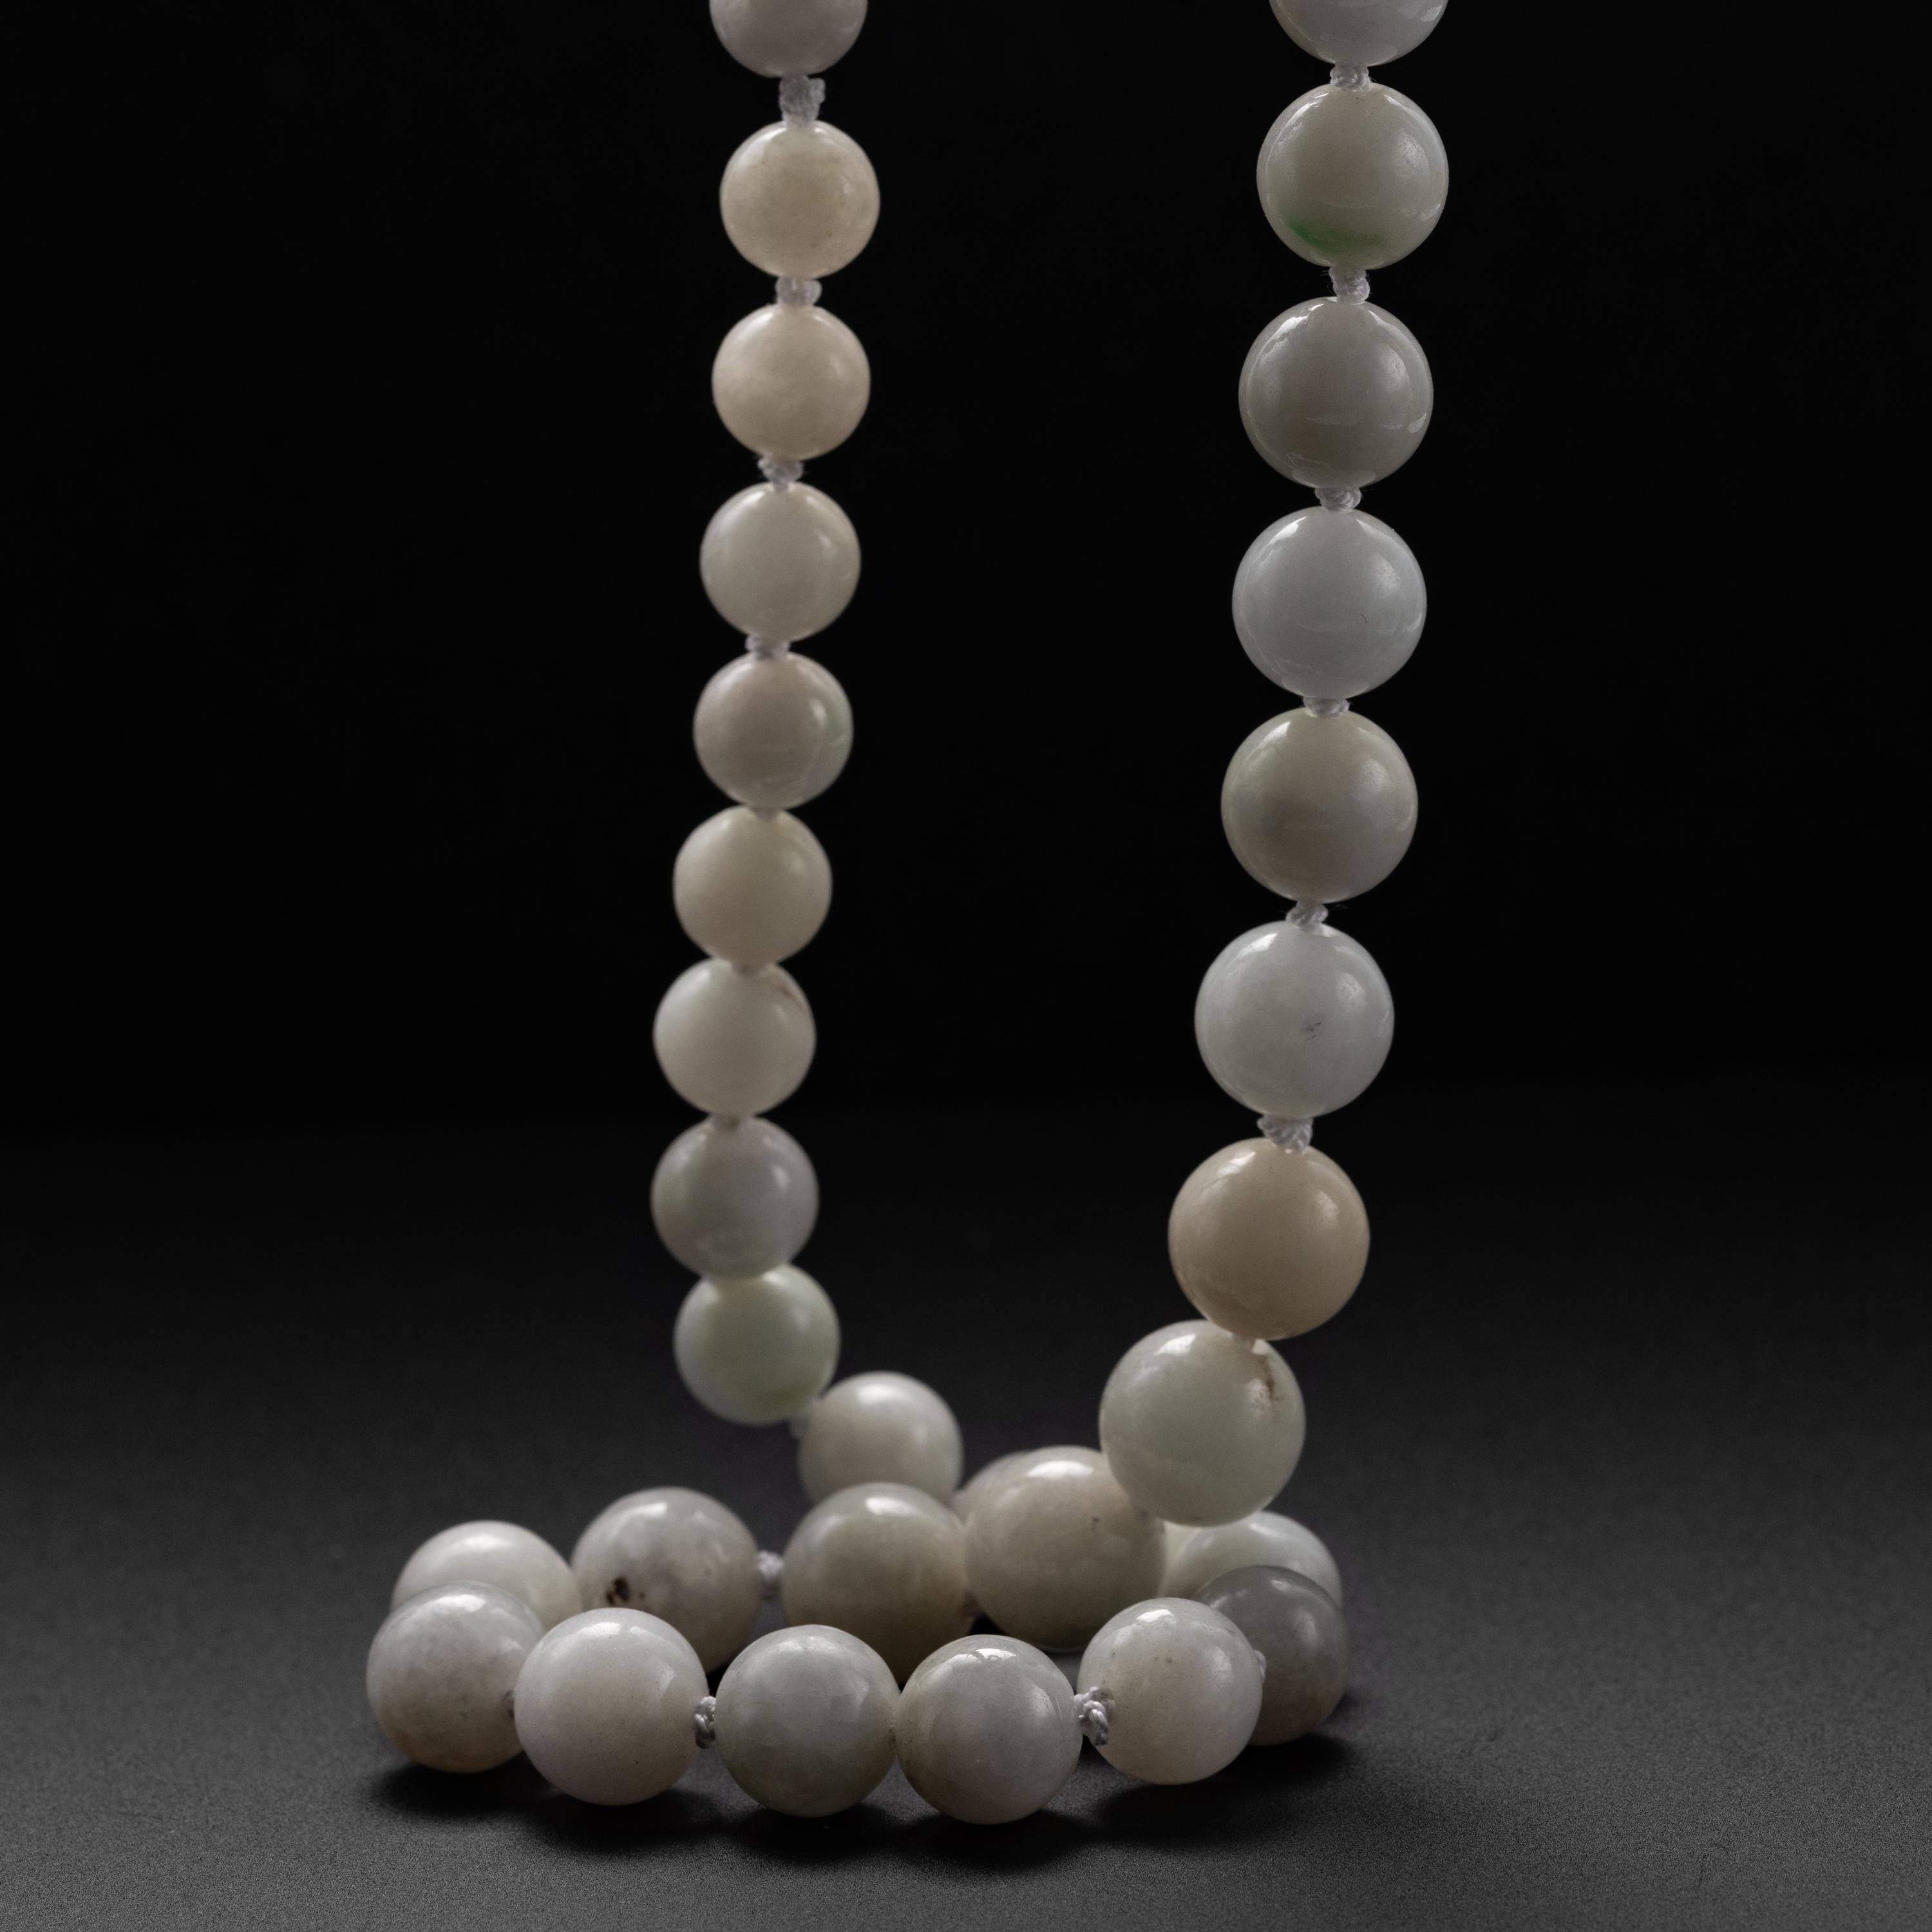 Bead Antique Jade Necklace Like Marbles Made of Fog, Circa 1920s
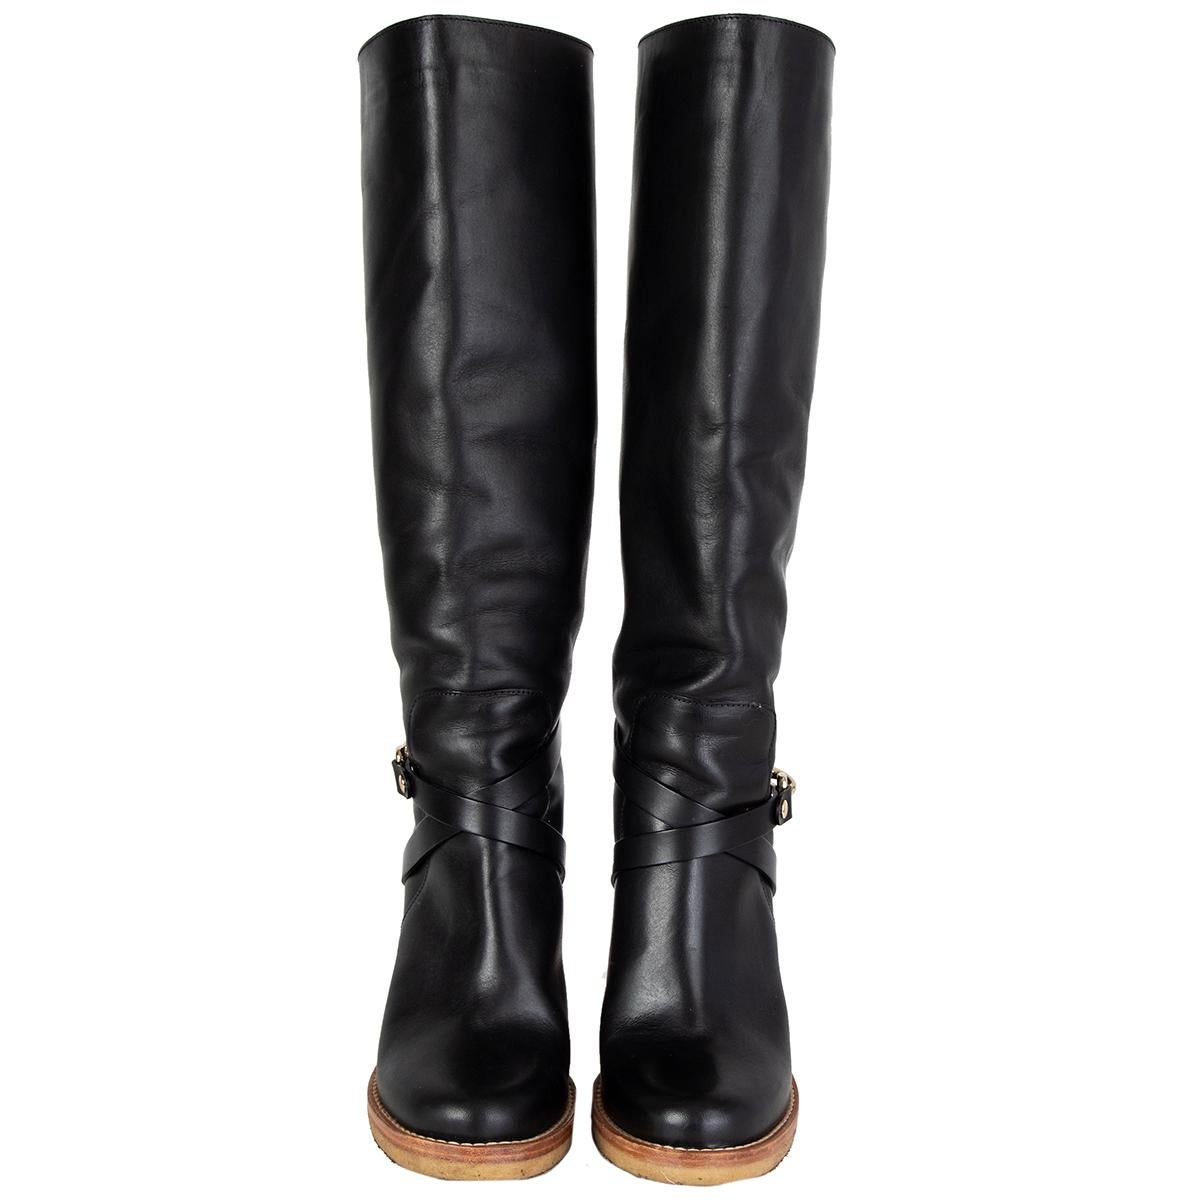 100% authentic Mulberry 'Dorset' knee high boots in black calfskin featuring subtle crossover strap detailing and a signature dog-leash clasp. Have been worn and are in excellent condition. 

Measurements
Imprinted Size	40
Shoe Size	40
Inside

Work to complete
Give the material above again exactly as it stands, minus any images.

Exercise output
 Bead Antique Jade Necklace Like Marbles Made of Fog, Circa 1920s
 100% authentic Mulberry 'Dorset' knee high boots in black calfskin featuring subtle crossover strap detailing and a signature dog-leash clasp. Have been worn and are in excellent condition. 

Measurements
Imprinted Size	40
Shoe Size	40
Inside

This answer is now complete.